Un jour elle s'agenouillerait devant lui et lui dirait « Me voici... » Et elle poserait son front sur ses deux mains royales. Elle savait qu'elle s'avançait vers cet instant de façon inéluctable, et maintenant qu'elle avait écarté les dangers qui menaçaient sa vie, cette attente de l'amour pesait sur elle et l'emplissait tour à tour d'effroi et de triomphe. Serait-ce demain ? Serait-ce plus tard ? D'elle dépendait la réponse, et pourtant elle attendait, comme pour laisser le choix au destin.
Et le destin se prononça. Un événement affreux, qui endeuillait la Cour de France et atterrait le monde, devait hâter la reddition d'Angélique. Elle venait de passer trois jours à Paris pour y traiter des affaires avec M. Colbert, et, s'étant attardée ce soir-là chez le ministre, elle regagnait sa demeure. Devant l'hôtel du Beautreillis la silhouette d'un mendiant clopinait dans l'ombre bleue des nuits de juin sans lune. Elle reconnut Pain-Sec quand il s'approcha de la portière.
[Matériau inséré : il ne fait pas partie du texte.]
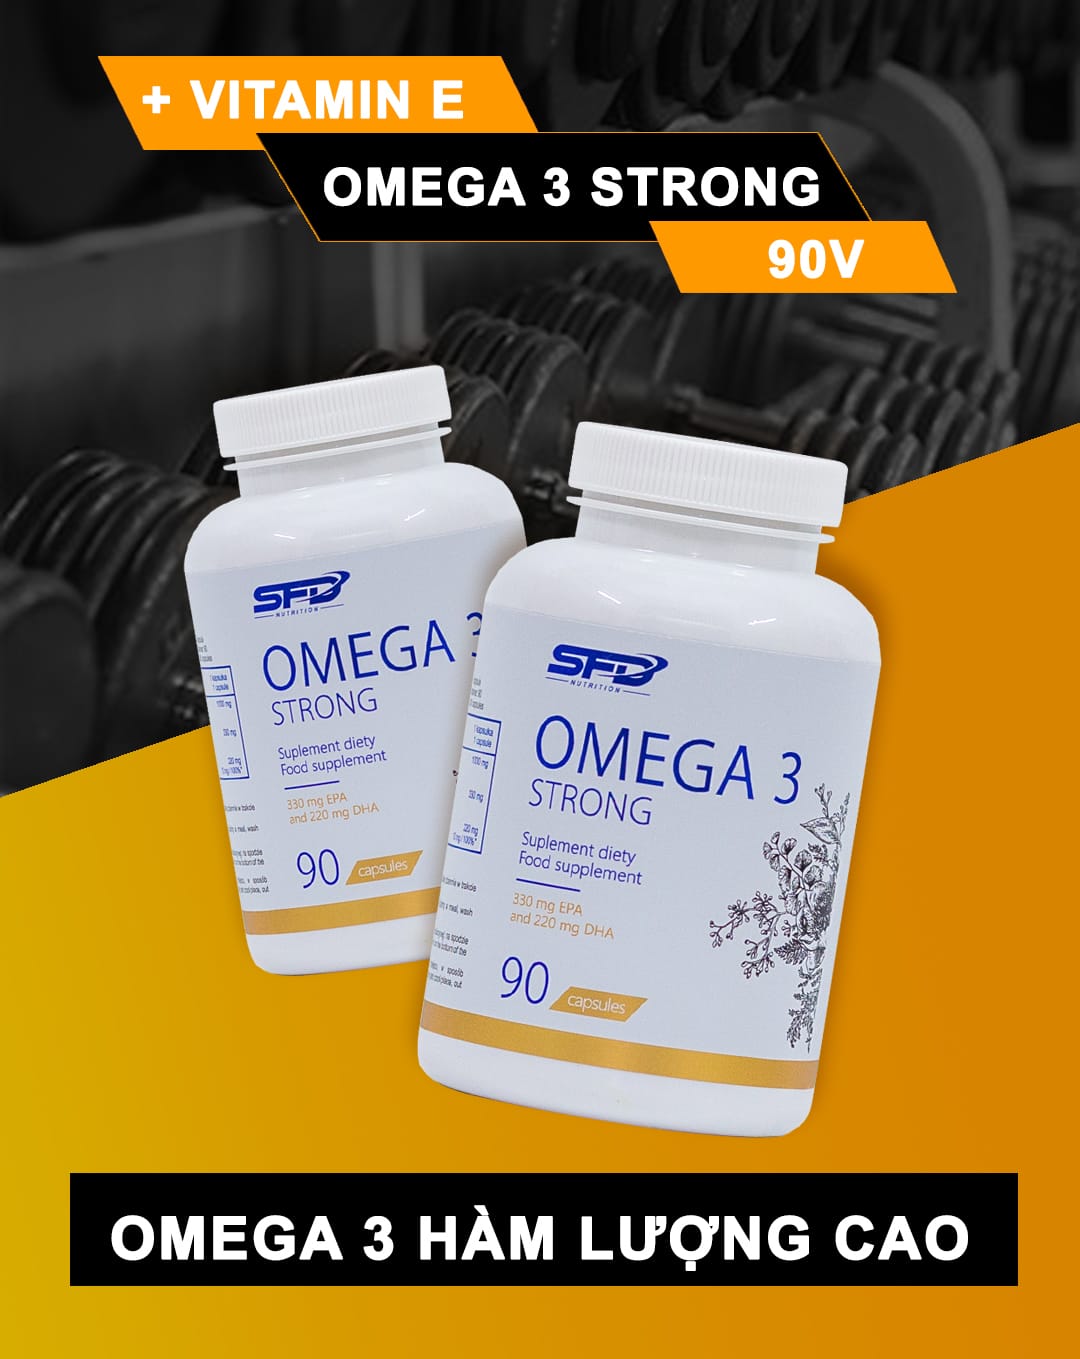 SFD - Omega 3 Strong (90 viên) - omega 3 1

– Va à Saint-Cloud ! Va à Saint-Cloud, fit-il de sa voix rauque.
Elle voulut ouvrir la portière mais il la repoussa.
– Va à Saint-Cloud, j'te dis. Y en a des choses qui s'y passent là-bas... J'en viens moi-même avec la carriole du vinaigrier... Y a d'la distraction là-bas, c'te nuit. Vas-y donc...
– Je ne suis pas invitée à Saint-Cloud, mon vieux Pain-Sec.
– Y en a une autre qui n'est pas invitée et qui y est pourtant... C'est la Camarde17... Et même que c'est en son honneur qu'on fait la fête. Vas-y donc voir...
Angélique pensa tout à coup à Florimond et son sang ne fit qu'un tour.
– Que se passe-t-il ? Que sais-tu ?
Mais le vieux vagabond s'éloignait déjà en grommelant.
Angélique, indécise et perdant la tête, cria au cocher de partir pour Saint-Cloud. Le nouveau cocher ayant servi chez la duchesse de Chevreuse possédait beaucoup plus de philosophie que son prédécesseur. Il eut cependant un petit sursaut et fit remarquer que sans escorte traverser les bois à cette heure de la nuit représentait un danger. Sans descendre de voiture elle envoya réveiller trois laquais et le maître d'hôtel Roger. Ceux-ci montèrent à cheval et, bien armés, encadrèrent le carrosse, qui tourna en direction de la porte Saint-Honoré.